Another thing, dreamy. I think I put "Samsung mode not supported" in google to find all the folks with this problem.


----------



## ghunghun

I exactly have the same problem as described in the original post. I haven't got a permanent solution yet. I try to reposition the antenna whever the problem happens and restart the TV, then the channel would come clear.

I would really appreciate if someone have found a more permanent solution.

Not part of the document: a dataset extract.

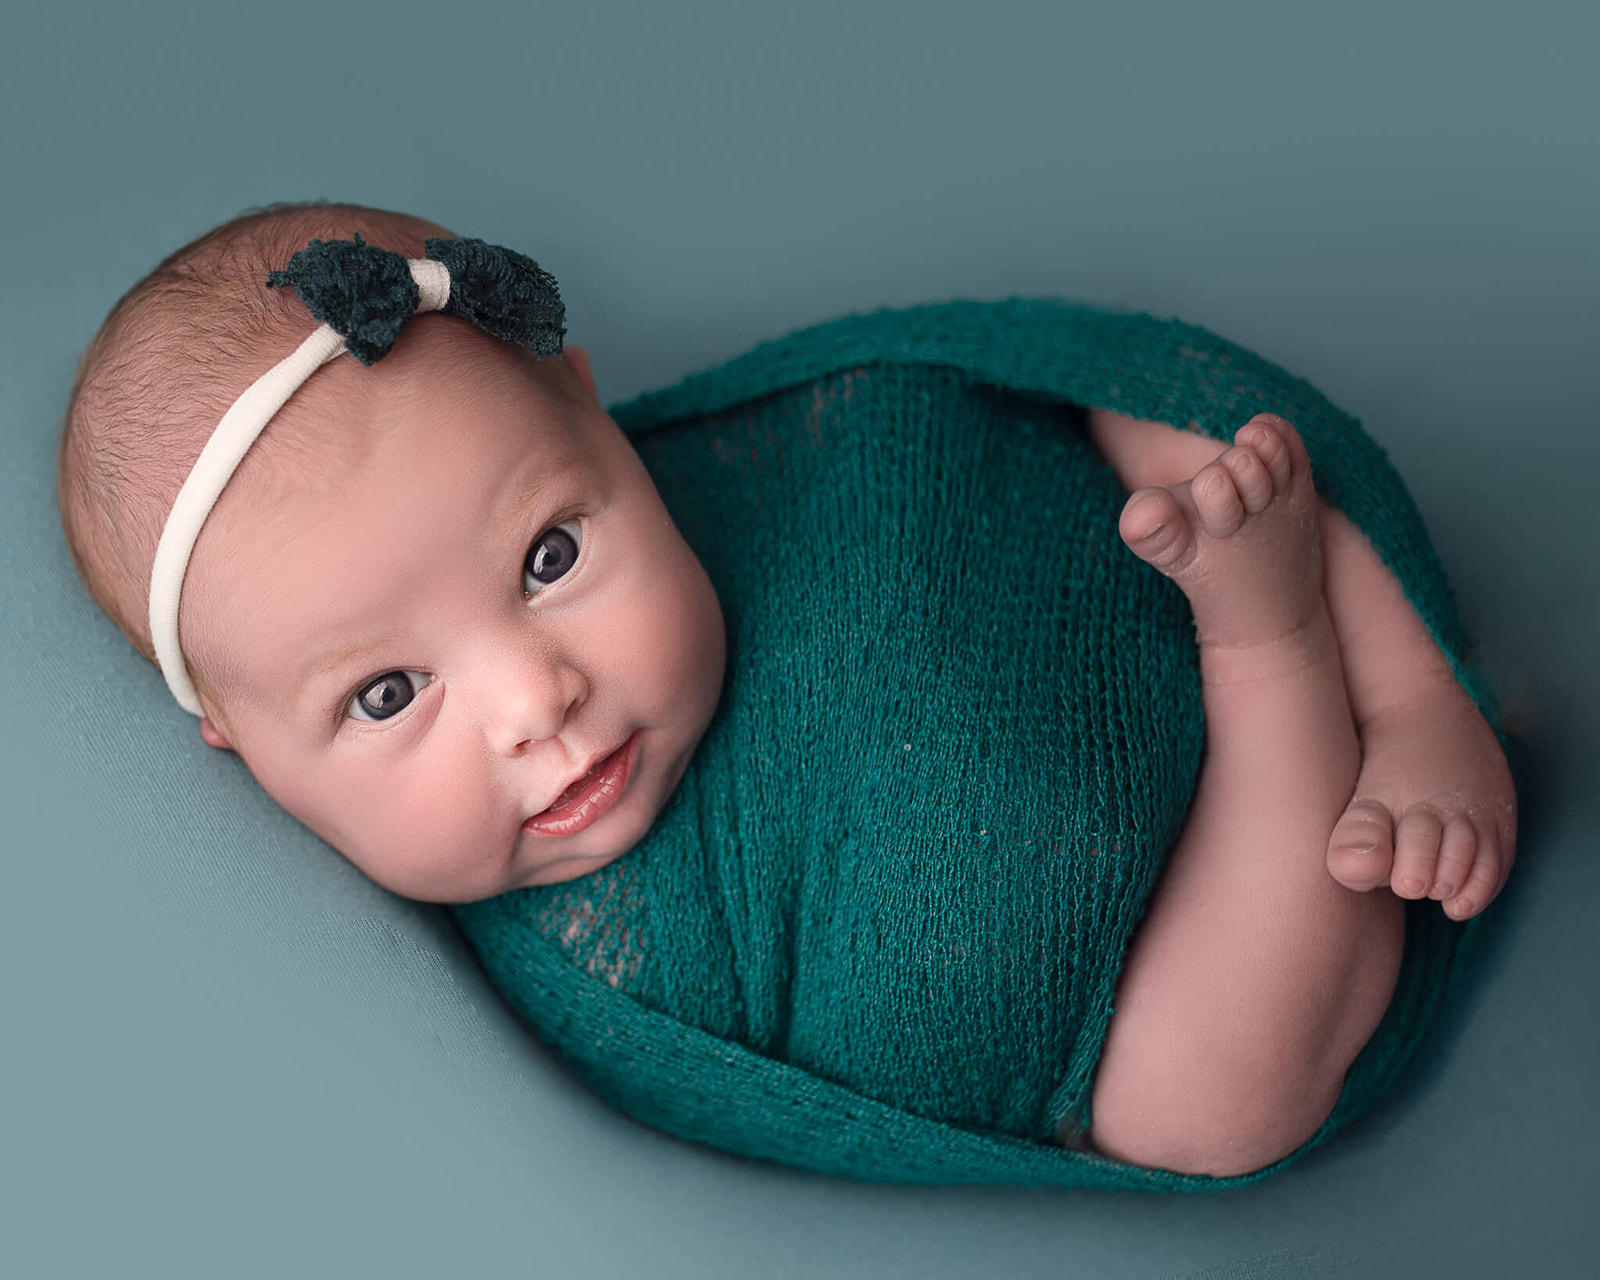 Akron OH newborn photographer captures happy newborn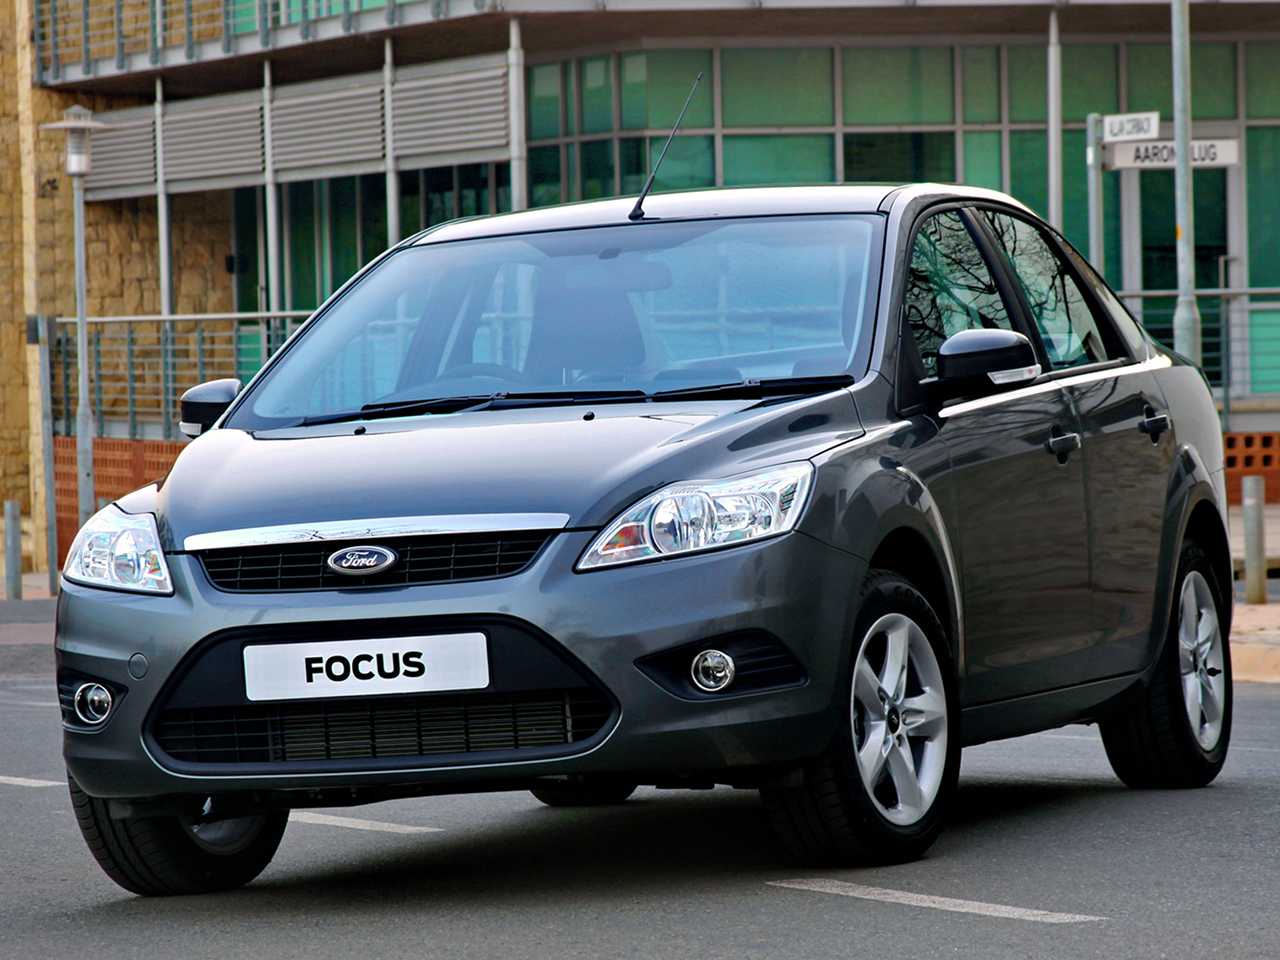 Куплю форд 2010г. Ford Focus 2010. Форд фокус 2010 седан. Форд фокус 2 2010. Ford Focus 2 2010 седан.

I haven't contacted Samsung Tech support yet on this issue.


----------



## sankeyh

cessna09a said:


> Dreamy,
> Yes, my returning the first set was because I was in the first two weeks of owning the Samsung. *Vann's* sent me an RMA, notified UPS to pick it up, and all I had to do was re-pack it and have it ready for UPS. I let them go ahead and put the second one on my credit card to minimize delay, so UPS picked it up on Monday and delivered the 2nd on Wednesday. You really don't know how someone will be until there is a problem, and I cannot say enough good things about *Vann's*. Friendly, concerned, helpful...I'll go there next time. As for the thumb drive, I have no idea what it will be. Should receive it today. She just said we would try new firmware, and I said something about downloading it on my computer, transferring it to a jump drive, etc..and she said "I'm sending you a jump (thumb) drive." And she said they'd send someone out if this doesn't work. For me, same outlet, same cable connection for two other sets gives no such problem, so it's not the antenna or connection or power. I'm thinking I'll just stay on it until Samsung finds out they have a problem, then find what it is, and then get a fix. (Sure enjoyed the Packers game on it last night...have a nephew on the team). I'll keep you posted.


What happened with the firmware update? Did it work?


----------